In memoriam Aurelio Benítez Duarte
Acaba de fallecer, víctima de un fatal
accidente de tráfico D. Aurelio Benítez Duarte. A pocas personas les sonará este nombre, pero en
mí tiene una resonancia tan dramática como fraterna. Alguien me preguntará quién es este señor y yo
le voy a contestar inmediatamente. Era un caballero silencioso y amable,
trabajador incansable y leal hasta límites desconocidos. Tenía diez hijos y se
encontraba de vacaciones en Paraguay con el billete de regreso a España en su
bolsillo. Yo le esperaba, porque desde hacía una larga etapa formaba parte del
circulo de los paraguayos que yo trato con el respeto y la devoción que siempre
me han suscitado aquellos que desde fuera de España, pronuncian todavía su
nombre con fervor.
Repasando la historia, compruebo que
los primeros asentamientos religiosos protagonizados por la Compañía de Jesús
en Paraguay dieron frutos muy abundantes. El espíritu de la Compañía impregnó profundamente
a un pueblo variable y dividido, no sólo por los accidentes fronterizos sino
por la complicada estructura interior que poseían.
Siempre me ha sorprendido el acervo
moral escandalosamente positivo que tienen los paraguayos a los que he tratado.
Son silenciosos, amables y comunicativos cuando hace falta. Quieren a su país y aspiran a que remonte el
vuelo y se convierta en una gran nación, pero eso por ahora es casi un sueño
imposible. Los paraguayos saben soñar,
algo que aquí posiblemente no comprendamos del todo. Yo he sido testigo de sus sueños, de sus
aspiraciones, de sus afanes, de sus esperanzas y puedo pregonar en alta voz que
hay poca gente con la dignidad humana de los paraguayos que yo he conocido. En mis conversaciones con Aurelio, a menudo se
quedaba absorto y mudo. Cuando le apremiaba para que me contestase, me respondía:
“es que estoy pensando qué tengo que contestar”. Muchas veces recuerdo haberle
dicho que sus silencios eran, para mí, elocuentes y esclarecedores.

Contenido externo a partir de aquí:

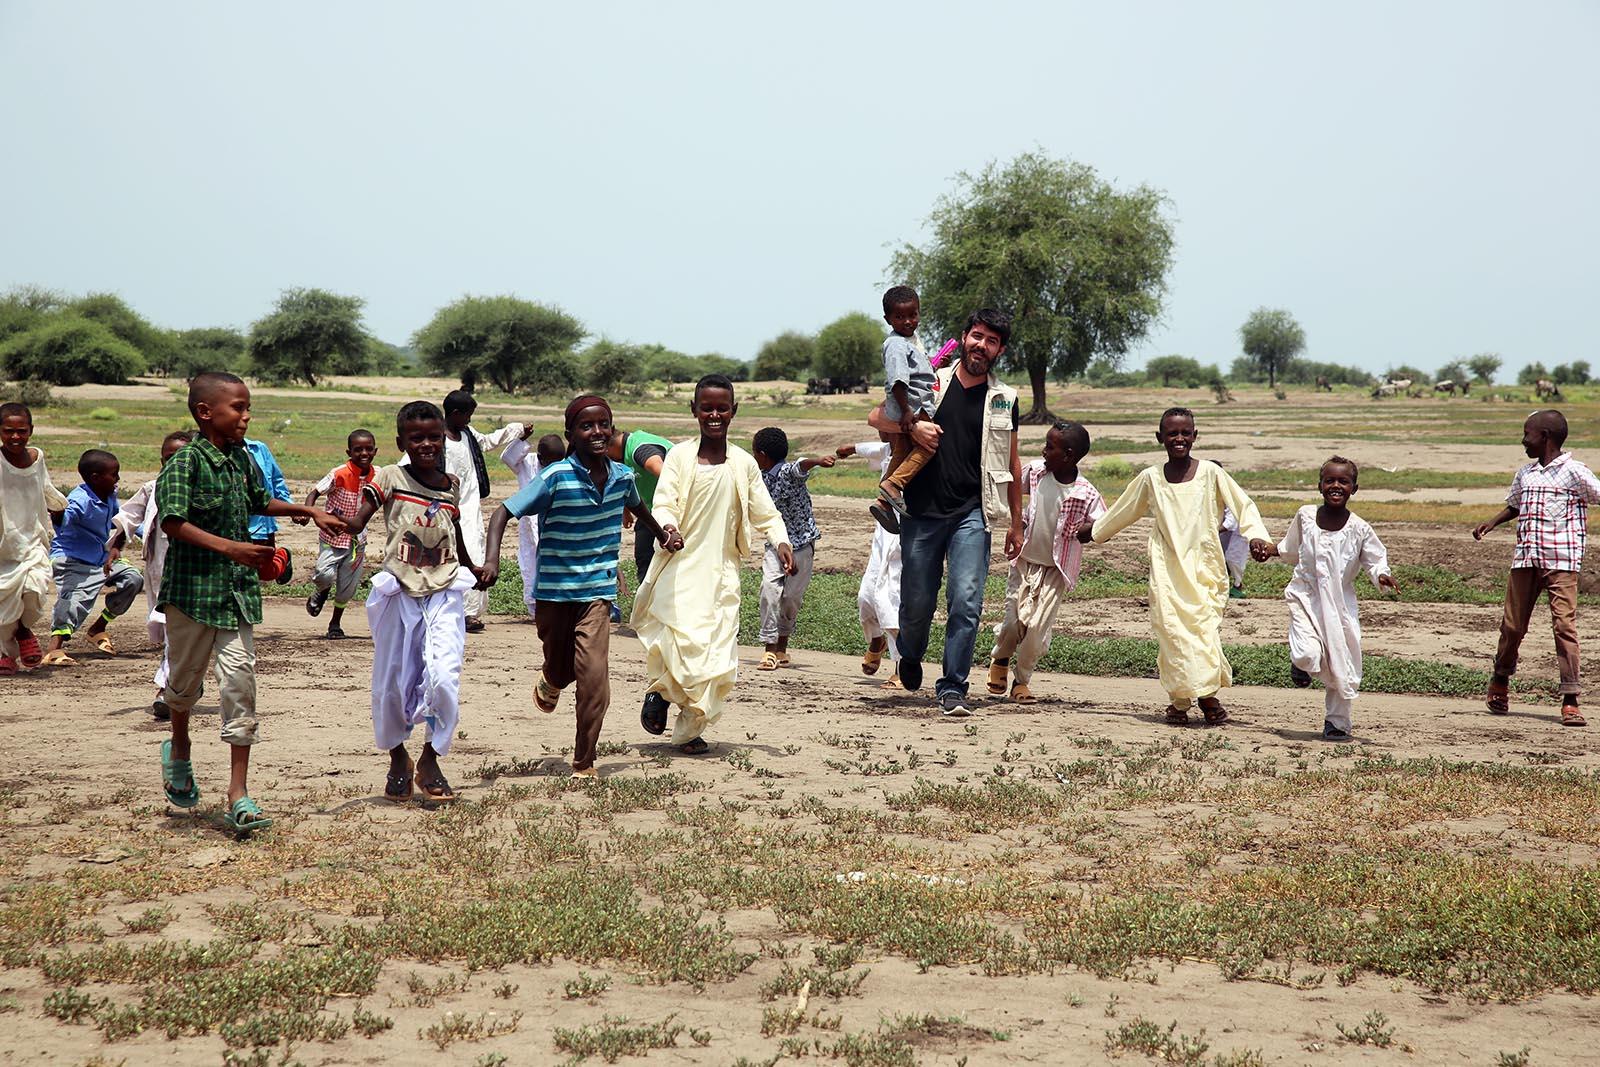 sudan-eglence-programi.jpg

Para ocultar sus esperanzas, olvidaba
sus dolores, pero continuaba enhiesto y grave, altivo y generoso y sobre todo
dueño de sus silencios y de la estirpe de caballerosidad a la que pertenecía. Es
posible que allá en lo alto Aurelio se sorprenda por la conmovida oración que
mueve su recuerdo en mí, pero en el alma de mi memoria estará siempre presente
quién me desveló el alma de un pueblo que merece un singular destino.
Hace aproximadamente un año, escribí
al Presidente de Paraguay para darle cuenta del asombro que yo tenía al
comprobar la enorme dignidad del comportamiento que los paraguayos tenían y que
se lo notificaba para que tuviera el orgullo de saber con qué gente trabajaba.
No he recibido respuesta alguna, quizá porque las altas responsabilidades de
gobierno les hacen olvidar la plataforma sentimental que merecen aquellos que
han tenido que dejar su patria para poder progresar.
Vuelvo a insistir, he conocido mucha
gente perteneciente a dicha nación, pero jamás pude sospechar el pozo de
ternura y sensibilidad que adornaba el alma de sus gentes. Qué bellos comportamientos, qué afán de
superación, qué esperanzas no rotas incluso cuando había que enfrentarse con
realidades dolorosas. Desde este pequeño artículo quiero rendir homenaje al
pueblo de Paraguay y ofrecerle no solo mi oración por sus aspiraciones, sino mi
devoción por su comportamiento.
Cuando la Compañía de Jesús comenzó
su apostolado en aquellas tierras, España no era aún una nación compacta y consolidada en su destino, pero ya prometía
que en el futuro, el mundo se iba a quedar estrecho para sus ilusiones y sus
esperanzas. Ahora, cuando el paso de los
siglos ha consolidado tantas cosas, y algunos españoles reniegan de serlo, aflora
en las tierras de La Asunción el nombre de España. Ignoro lo que pensarán sus habitantes pero
tengo la certidumbre de los que, doloridos
por la ausencia de su país, trabajan en España por la ilusión de su regreso. A ellos me uno con una estremecida emoción y
quiero que se sepa que no hay fronteras para delimitar el área de nuestra
influencia, más bien hay espacios abiertos para que lo ocupen aquellos que
sienten en el fondo de sus corazones la admiración por un pueblo admirable.